Lapregnancy it is a special and unique moment in a woman's life, but what many women ask themselves is whether, during this period, it is possible to make long journeys, or if this can somehow harm their health or that of the child. It is therefore possible to travel during pregnancy?What precautions need to be taken? Much depends on the gestational period and the presence of risk factors. In general, we can say that most women can travel safely during pregnancy, obviously always on the advice of their doctor and taking some precautions.
- Which means to choose, car, bus, train, plane or ship?
- When can you travel?
- Long journeys by car and train
- Travel by ship
- Flying in pregnancy
- User questions and comments
Which means to choose, car, bus, train, plane or ship?
In principle, all can be fine (unless otherwise indicated by your doctor), but on long journeys it is always advisable to choose the fastest vehicle.
When can you travel?
In general, it is possible to do this for almost the entire gestational period, but it must be taken into account that, during the first trimester, the typical ailments of this period (such as nausea or fatigue) while traveling could intensify. In the third quarter, on the other hand, it could be the bulky belly that annoys when facing a trip. The second quarter, basically when you feel better, it could be the best time to travel.
Long journeys by car and train
L'cars in general, not too long trips are recommended, we could say no more than 5-6 hours, a longer trip would be decidedly too heavy, even in normal conditions. There are no particular risk factors in traveling by car, both as a driver and as a passenger.
Il traininstead, it is probably one of the most comfortable means for a pregnant woman, especially for medium-range travel. Unlike the car, where one is forced to remain stationary in a very confined space, on the train, in addition to the advantage of having more space, it also has the possibility of being able to move freely inside the wagons.
- Always undergo a clinical check-up before departure.
- Eat little and often: Carry fruit or snacks to prevent nausea.
- On the train, getting up to walk, almost every hour: it helps to avoid swelling of the lower limbs and to restore circulation.
- In the car it is important to remember to always fasten your seat belt, even in recent months. The horizontal belt should be positioned below the abdomen, so that it does not force; the transverse belt, on the other hand, should be positioned between the two breasts and around the shoulder, adjusting the seat so that it does not rub on the neck.
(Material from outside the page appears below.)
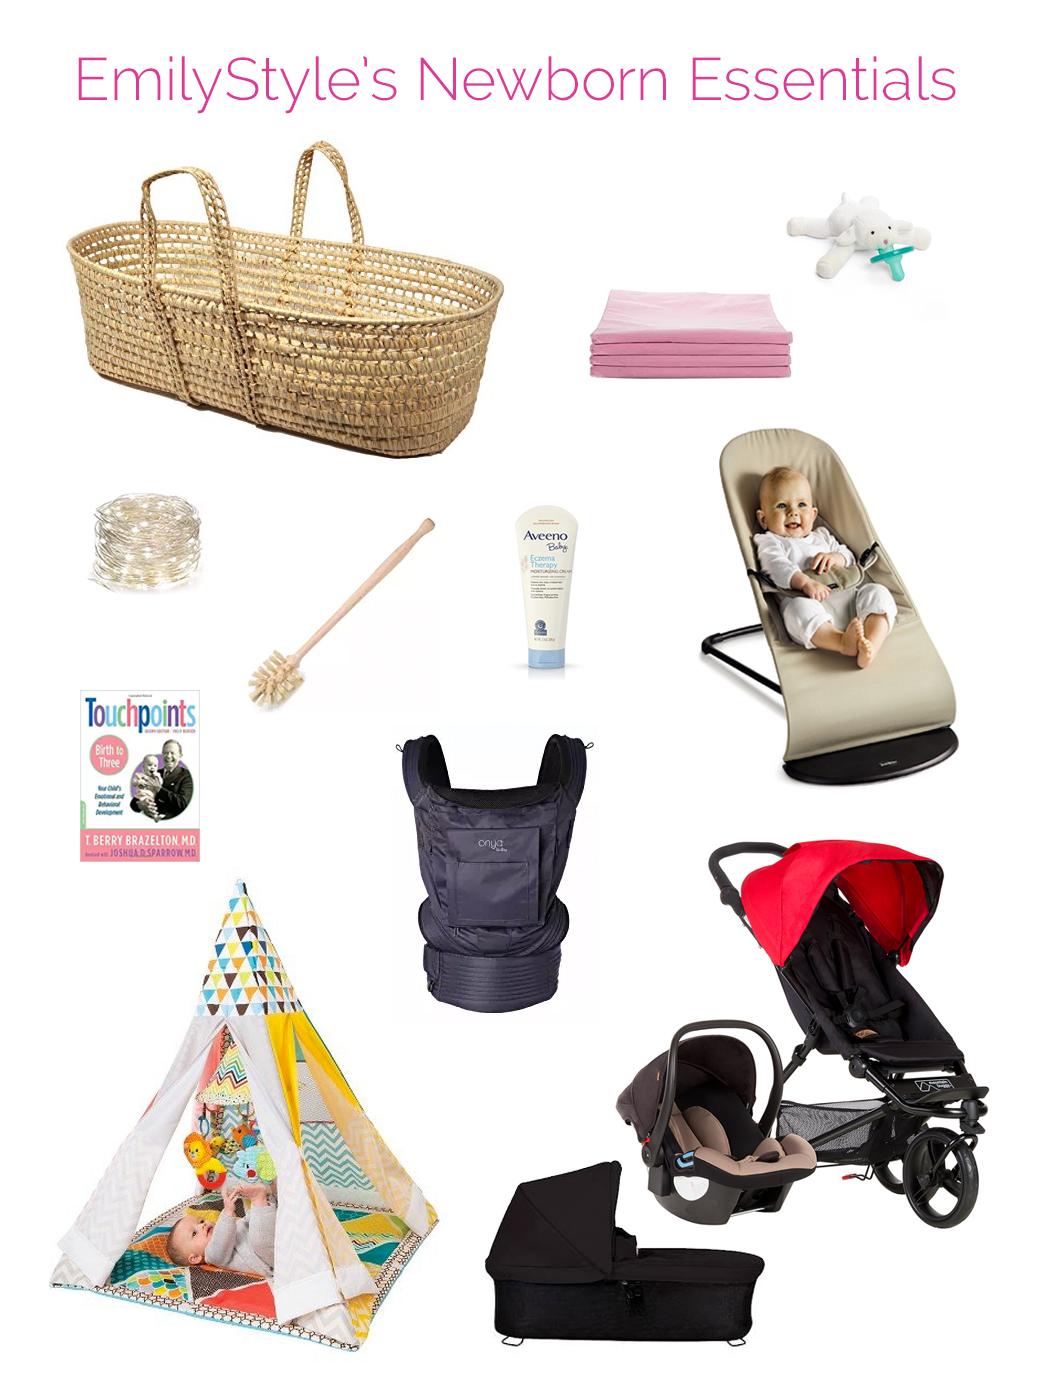 A pragmatic, tested set of newborn essentials
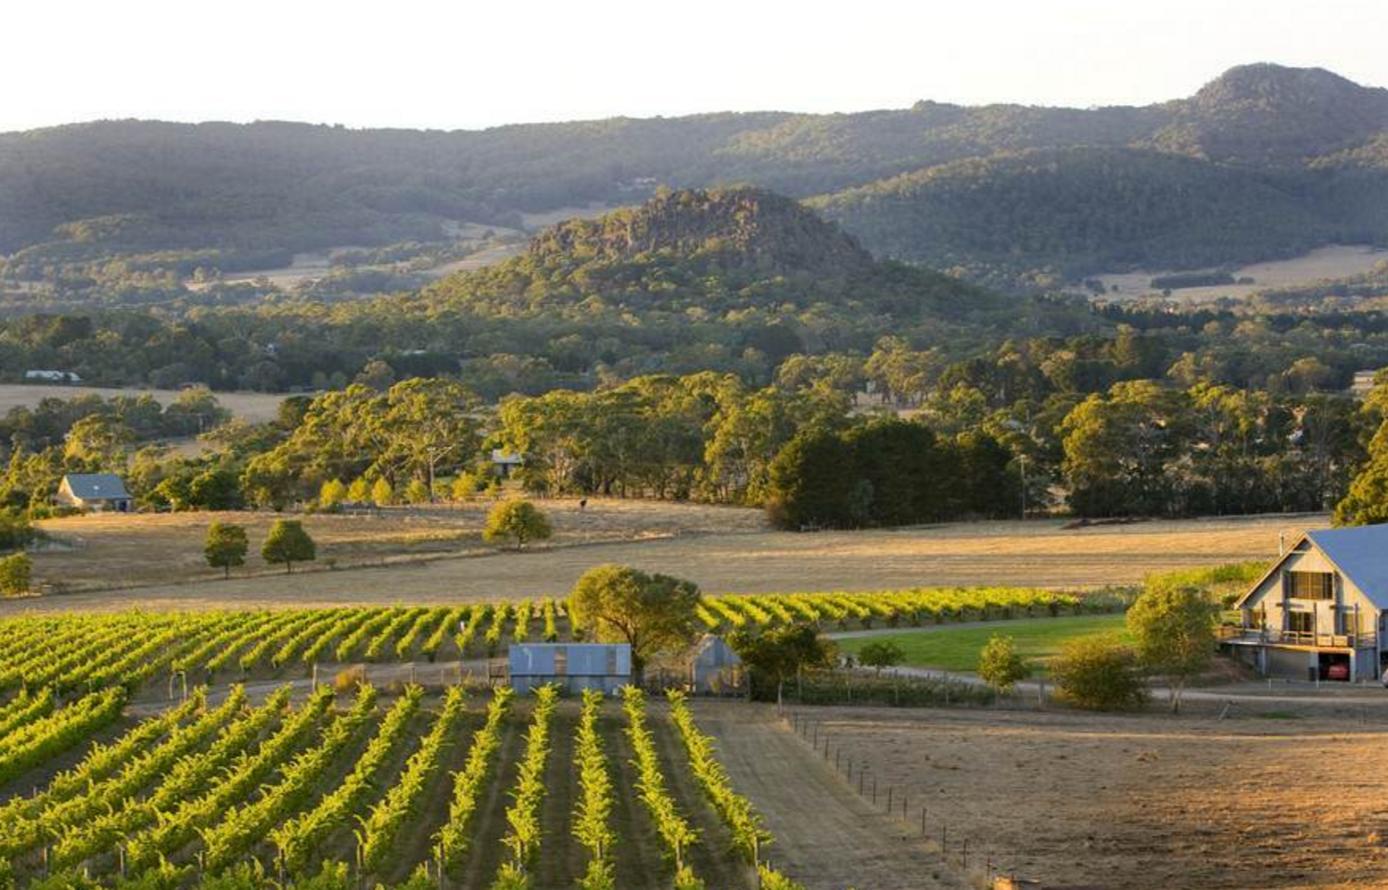 Macedon Ranges Winery

- Always try to plan stops during car journeys, so that you can move around to facilitate circulation
Travel by ship
La nave offers the same benefits as the train, and can be a type of comfortable and relaxing journey for the pregnant woman. The only real risk is that of possible nausea due to rough seas. A doctor on board is always present on public shipping lines. As for cruise ships, you have to pay attention to their regulations and limitations imposed by the companies navigation:
For Costa Cruises, Royal Caribbean and MSC Cruises, in fact, cruising is not permitted beyond the 24th week of pregnancy (on the date of landing). Upon booking, a medical certificate attesting to the woman's good health must be produced, with the presumed date of birth. Access on board could also be prevented in the event of conditions that could be dangerous for the health of the woman and the baby in the womb.
- Like on a train, always remember to get up to take a walk at least every hour to promote circulation
- Inform you of the presence of doctors on board, taking into account the fact that in most cases they are general practitioners and that you will not have adequate medical facilities available.
- The advice is to always consult your doctor before departure, to check your health and verify the feasibility of the trip.
Flying in pregnancy
I travel by plane, especially during the second semester, they are not difficult for pregnant women, who can travel safely.
For most airlines the flight is allowed freely until the 36th week of gestation (in some cases up to the 28th week, always inquire with the airline); from the 36th week onwards it is necessary to bring a certificate of fitness to fly (in any case, it is always better to bring a certificate with the estimated date of delivery).
For high-risk or twin pregnancies, the certificate of fitness to fly must always be presented. During the flight, especially in cases where the journey lasts more than 4 hours, the higher risk is that of DVT syndrome (deep vein thrombosis), due to the many hours spent sitting, and which can affect more easily during pregnancy.
- Move for at least 15 minutes every hour, walking and straightening your legs, to promote circulation.
- Wear graduated compression socks (which help the circulation of the lower limbs) and comfortable shoes (possibly taking them off during the flight).
- If possible, be assigned a seat near the aisle so that you can move freely and easily go to the bathroom.
- Drink frequently, especially water, to avoid stagnation of liquids.
- Avoid carbonated and alcoholic drinks.
- Air travel may not be advisable when delivery is expected within 7 days of travel.